The loss of wages, together with the medical and hospital bills, exceeded $3,000. Not only did the jury, in direct defiance of the instructions of the court, refuse to compensate the plaintiff by way of damages for the actual and undisputed loss incurred, but also failed to take into consideration other essential elements, such as pain and suffering, inconvenience, etc. The answer of the jury, therefore, on the damage question is perverse, and leaves no other impression upon the judicial mind than that the jury was actuated by prejudice and passion. Few instances appear in the reported cases of such a perversion of justice. In the case of Lines v. Milwaukee, 147 Wis. 546, 133 N. W. 592, the plaintiff sustained a fracture of the radius of his left wrist. Plis arm was bound in splints for a period of about two months, and he suffered considerable pain. The medical expenses amounted to $46, and the jury allowed damages in the sum of $55.33, which left $9.33 for pain and suffering and for impairment of the use of the arm. In that case the court held that “The inadequacy of the damages awarded would seeni to be sufficient to justify the court in saying that the verdict was perverse and to warrant it, in the exercise of sound discretion, in setting the same aside for that reason. Whitney v. Milwaukee, 65 Wis. 409, 27 N. W. 39; Gillen v. M., St. P. & S. S. M. R. Co. 91 Wis. 633, 65 N. W. 373.” In McNamara v. McNamara, 108 Wis. 613, 619, 84 N. W. 901, it was held: “If it appears that the elements of passion and prejudice may have entered into, and probably did affect, the decision of other questions in the case, the court’s duty is to grant a new trial absolutely.”

*183In the Lines Case, supra, the jury awarded, an amount which covered the medical bill, and also took into consideration the element of pain and suffering, but the amount awarded therefor was so grossly inadequate that the trial court found the verdict perverse and that the jury were actuated by passion and prejudice.

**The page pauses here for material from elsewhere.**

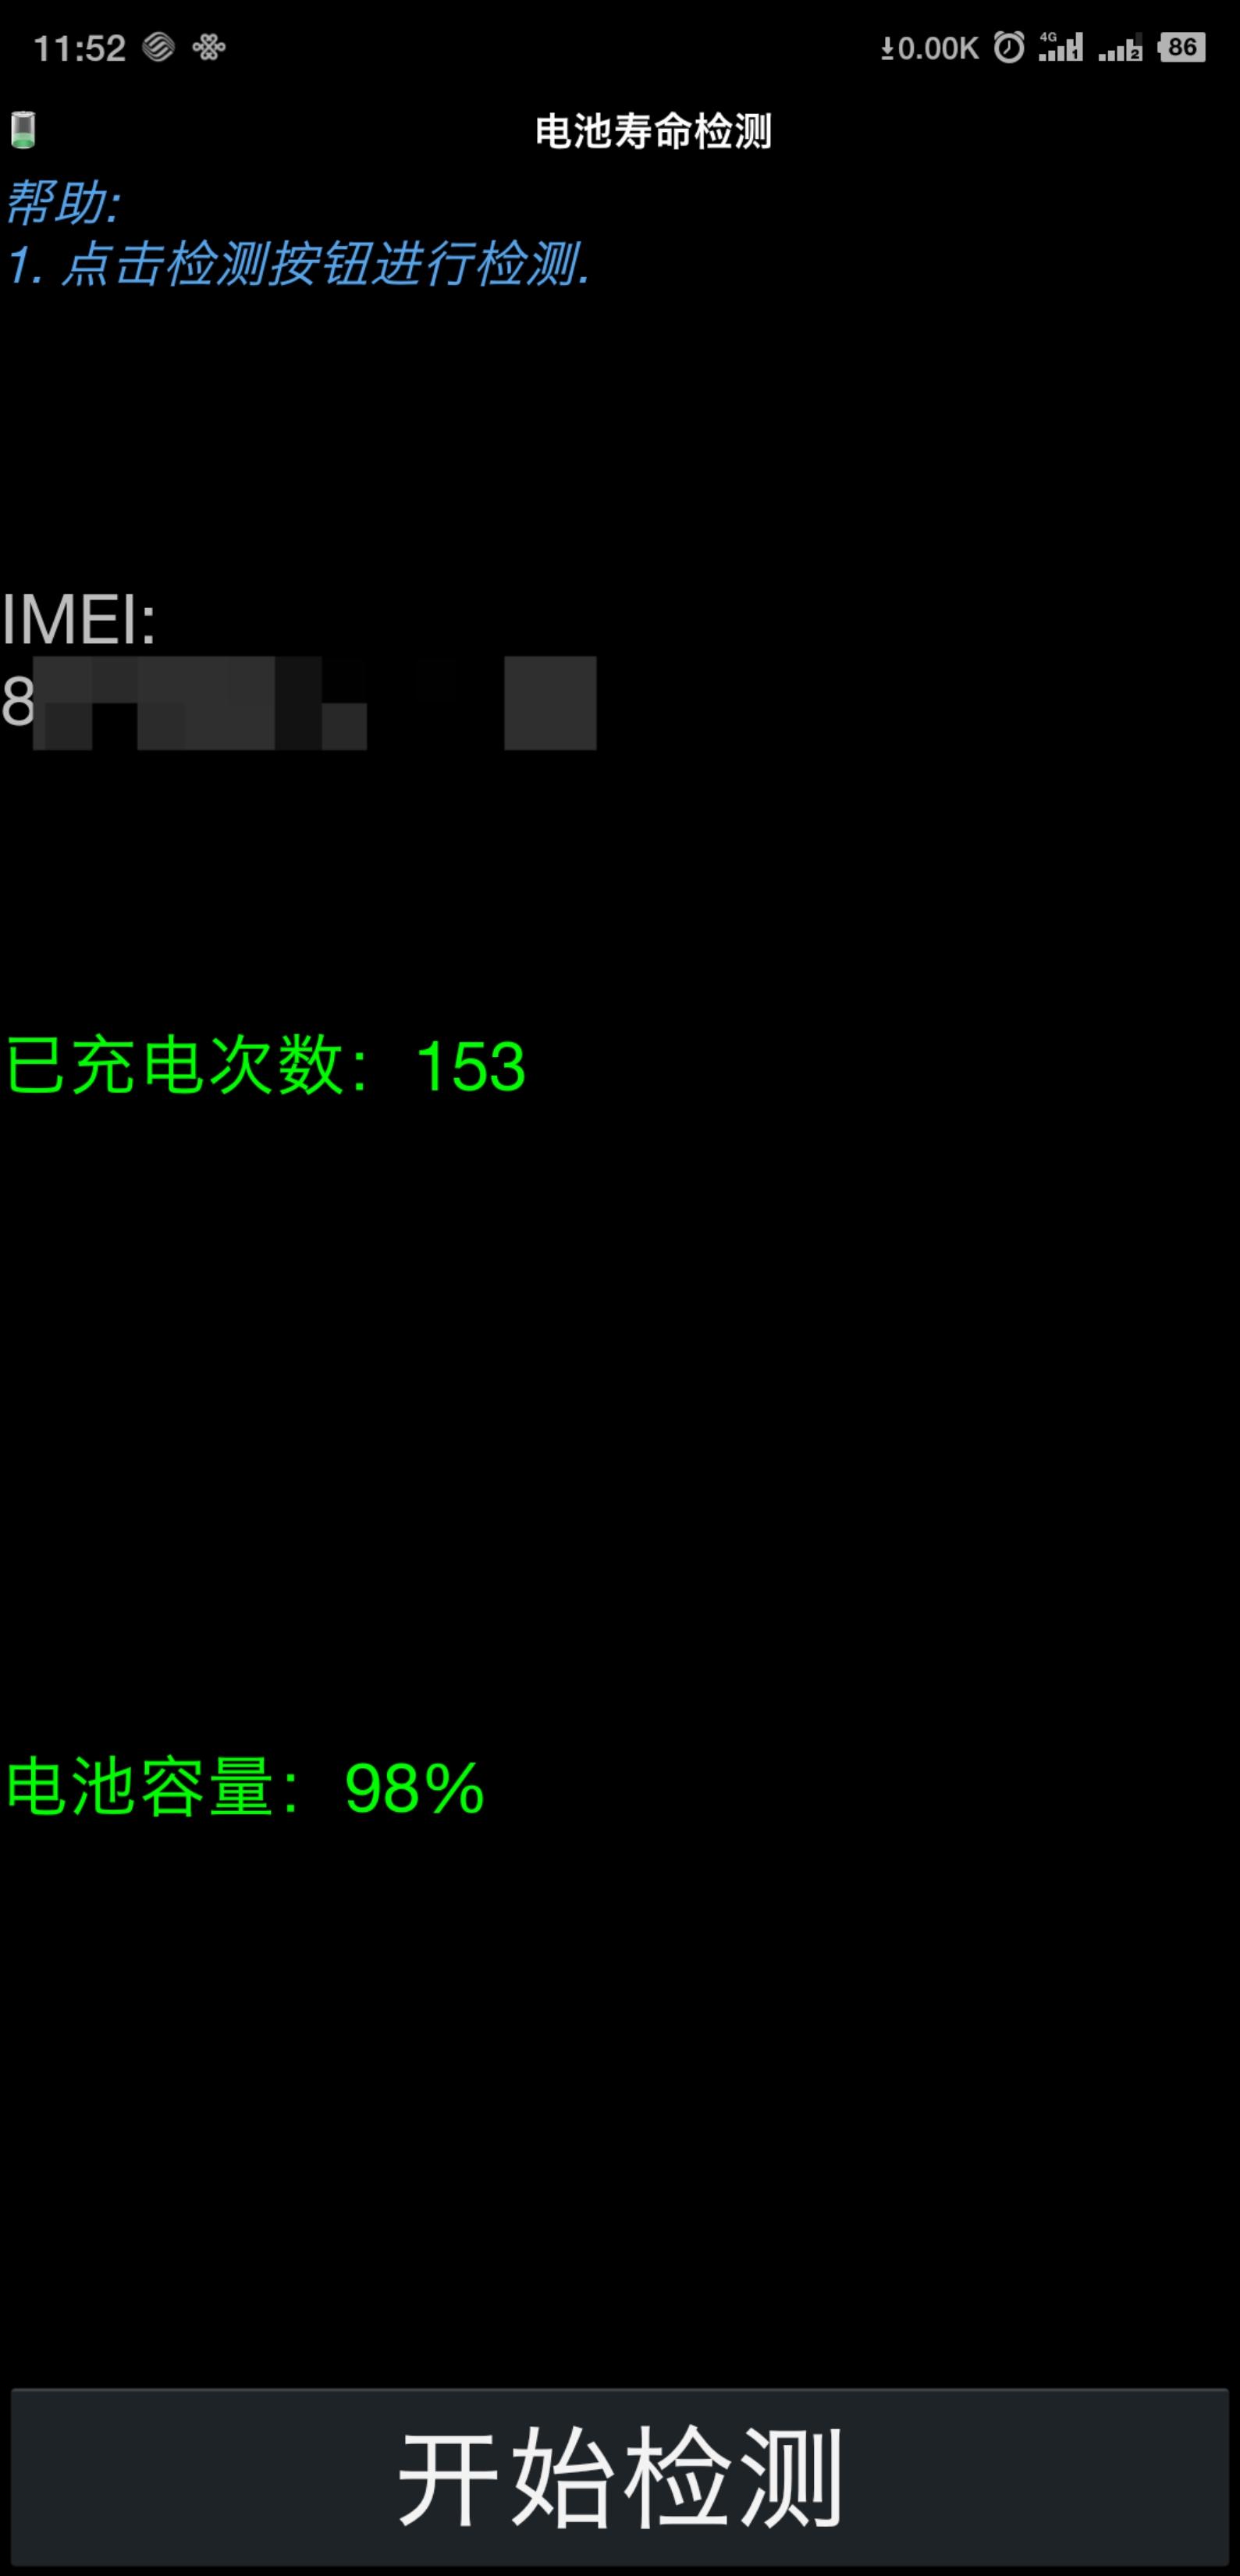 ??_Screenshot_2018-10-26-11-52-03-432_??????.png

In the instant case the trial court found that the answer of the jury in which they found the defendant guilty of negligence was not sustained by the evidence, and it acquitted the defendant of negligence as a matter of law. In so doing the trial court clearly committed error. Under the evidence in the case, the question of the defendant’s negligence was one for the jury.

It is conceded by counsel on both sides that the question of plaintiff’s contributory negligence was one for the jury, under the evidence. There was a direct conflict as to the speed of the motorcycle prior to the accident. Whether the defendant made a gradual turn or a sharp turn, and whether he properly signaled his intention to make the turn, are matters which the jury should have considered in connection with the question of plaintiff’s negligence. On these questions there was also a sharp and direct conflict in the evidence. It therefore cannot be said that the plaintiff was guilty of negligence as a matter of law; on the contrary, it may be said that reasonable men might come to opposite conclusions upon the subject; in other words, the evidence was fairly reasonably balanced. Under such circumstances, we cannot say that the perverseness of the jury as manifested by its answer on the subject of damages did not extend to the determination of the question involving plaintiff’s negligence. We are therefore constrained to reverse the judgment and direct that a new trial be awarded.

By the Court. — The judgment of the lower court is reversed, and the cause is remanded for further proceedings in accordance with this opinion.